Drakaea glyptodon King-in-his-carriage Endemic
Perhaps this plant could win a prize for the least orchid-like looking orchid anywhere. The flower sits on top of a hair thin stem and is 15 or 20 cm tall. The slightest breeze sets it swaying so you need a great deal of patience as it swings in and out of focus most of the time.
The weird looking flower has evolved to attract Thynnid wasps. The male wasp is deceived both by appearance because the flower looks like the wingless female wasp on top of a grass stem and the scent which is very like that of the female wasp. The male lands what it thinks is a female wasp and attempts to fly away with it. Normally the male wasp takes the female and copulates in flight while feeding her then drops her on the ground where she lays eggs.
But this flower isn't a female and is attached to the rest of the plant's flower via a strong hinge. The male can only fly off in one direction allowed by this hinge and it bangs into the rest of the plant's reproductive apparatus containing the pollinia (sticky pollen bags). The male wasp makes several attempts to fly off before giving up and flying to another Drakaea orchid. Sooner or later one of the pollinia attaches itself to the wasp so when it eventually tires of attempts to fly off with the female, it then goes to a different plants and deposits the pollen there.

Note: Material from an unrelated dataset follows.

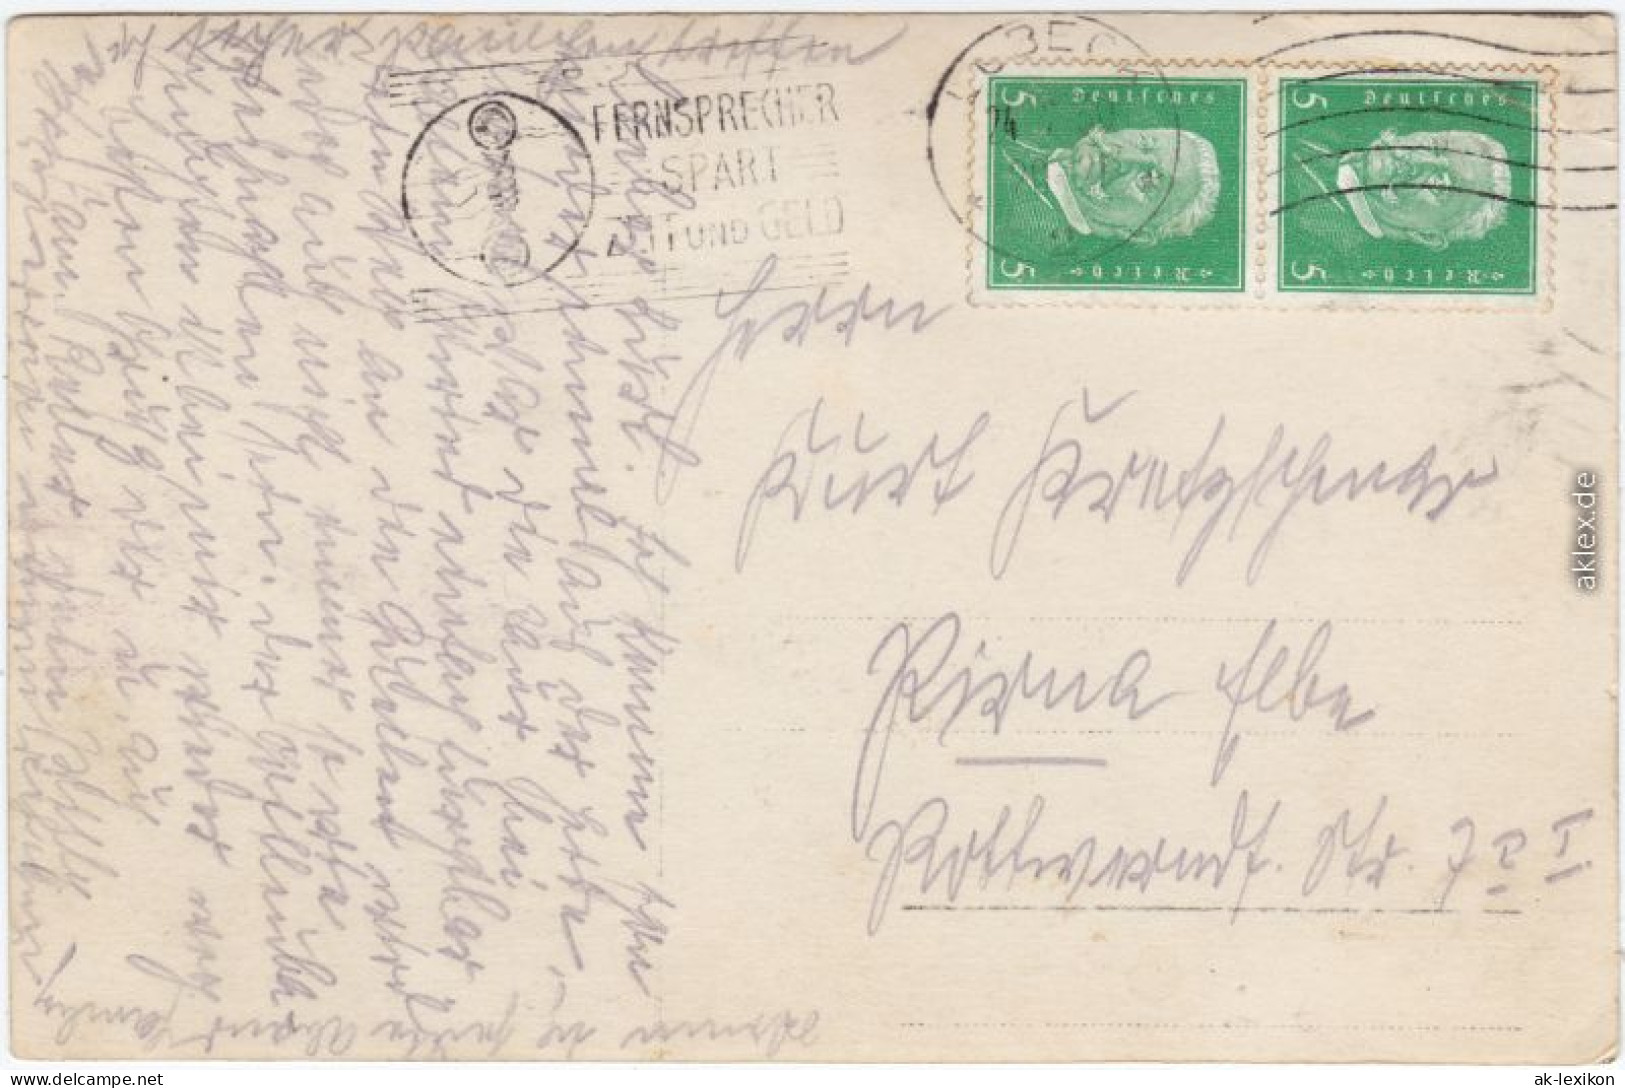 Ansichtskarte  Heidkoben 1925 - To Identify

This sounds far too elaborate to be an efficient method of pollination. After all the scent and appearance only attracts one species of wasp so surely those orchids which attract many different pollinators would do better wouldn't they?
Wrong! Experiments have shown that this mechanism has evolved as a more efficient method of pollination than the case where many different pollinators can do the job and this in a country where the competition for pollinators amongst flowering plants is particularly significant.
There are several different Drakaea species (Hammer Orchids) in Western Australia and this one is commonest growing throughout the far south west, around Albany, Margaret River and up to and beyond Perth and with pockets around Esperance.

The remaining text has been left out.